Jennie Ridyard.

By Jennie Ridyard

Writer


Say no to the vaccine, if you want, but make peace with staying outside, if you do

Refusing a vaccine is your right, just as choosing to smoke is. In both cases, remember that your choices don't override others' right to health.


Paris-London-Dublin-Sydney – it’s like the cosmetic bottle route of protests, and all because of vaccines, because of lockdowns, because of efforts, however clumsy or inept, to keep people safe.

The main issue this week seems to be the “green pass”: the electronic document granting access to a restaurant or gallery or gig – or another country – proving that you’ve either been vaccinated, tested negative, or recently recovered from Covid, and therefore won’t make other people sick.

Like getting a yellow fever jab before visiting Ethiopia. Like having a driving licence before getting behind the wheel.
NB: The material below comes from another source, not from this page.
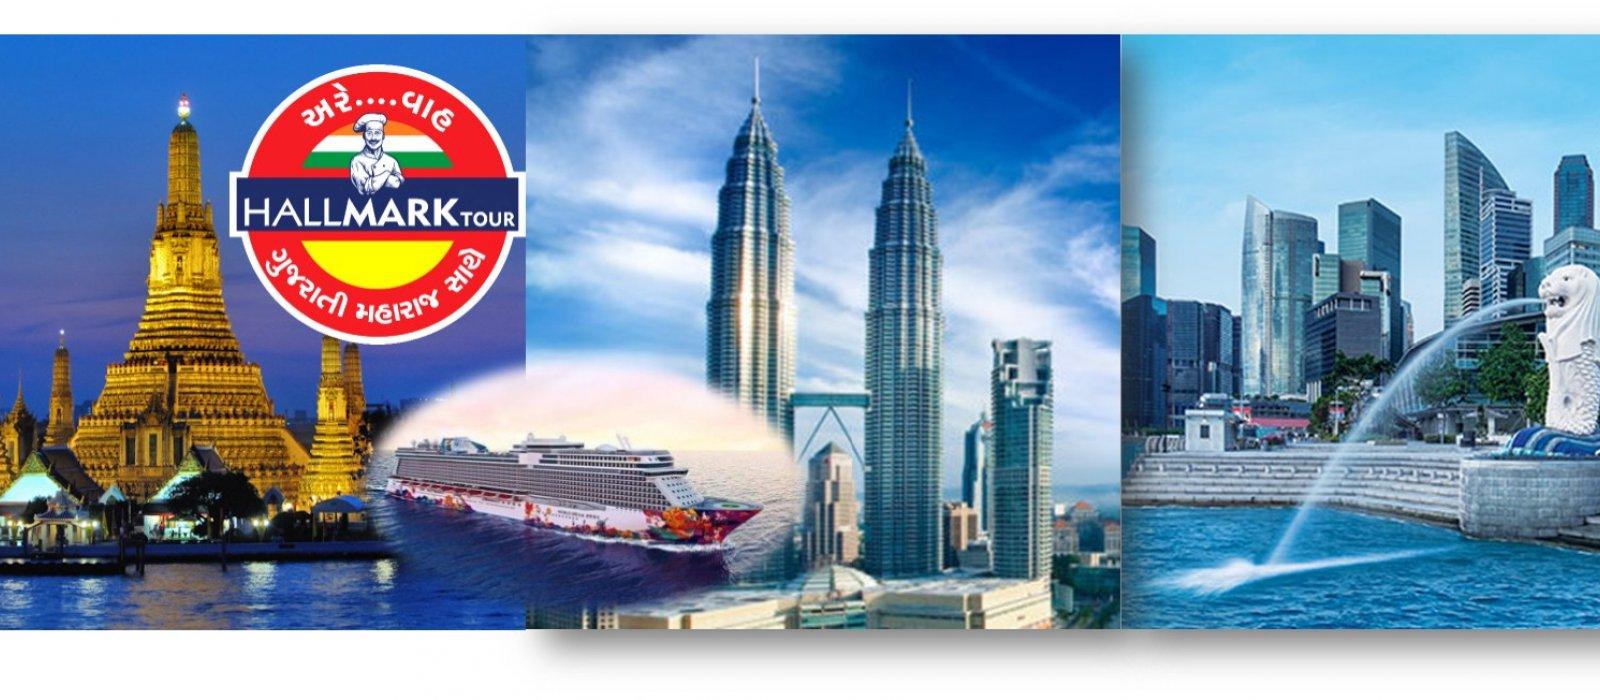 Far East & Dream Cruise with Maharaj
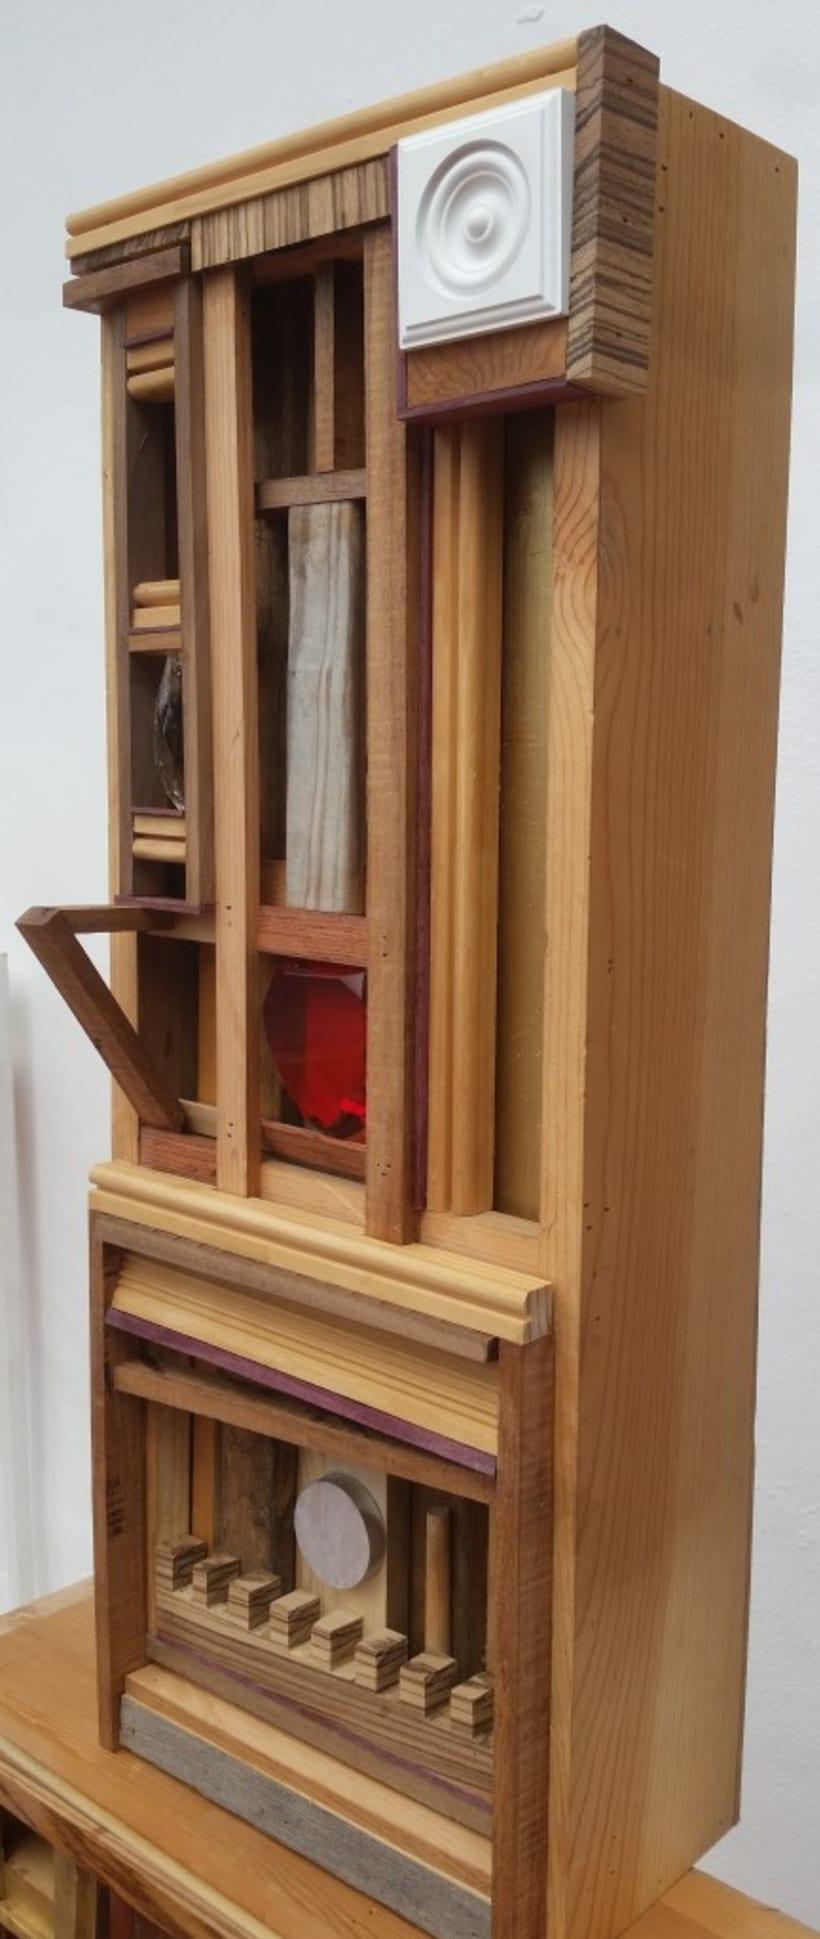 Dimensional Box 4

However, protesters claim this is a Bad Thing, an infringement on civil liberties, an attack on their entitlements; that this
is the creation of a two-tier society, with the haves in restaurants waving their napkins drolly at the have-nots outside with their faces pressed to the glass, drooling over steaks they’ll never eat.

As if they didn’t have a choice.

They do though. They can be vaccinated; they can be tested. But no, instead they claim victimhood, their human rights
trampled.

Ironic, that. The closest analogy I can think of is smoking. Back in the day, other people at a restaurant chain-smoked
throughout your main course; wannabe cool dudes plumed smoke in your face in a night club; parents fired up the cancer sticks in one hand with baby in the other; office staff sat in a fug of fagend all day long.

You invariably came home steeped in the stuff, your pillowcase stale with it come morning. Meanwhile, the dangers of second-hand inhalation, the disease, allergies, asthma and pollution, not to mention the stink and the eye-sting – things you didn’t have a say in at all – were secondary to the comfort of the smoker.

The person calling the shots was the person engaging in the risky, toxic behaviour.

Until at last we said no, enough: you don’t get to puff your smoke in my face, my lungs, my life.

Sure, do what you want, just take it outside.

And now? Well, you don’t get to cough your coronavirus at staff, at customers, at those who acknowledge our collective responsibility towards each other during a global pandemic.

Sure, do what you want, just keep it outside.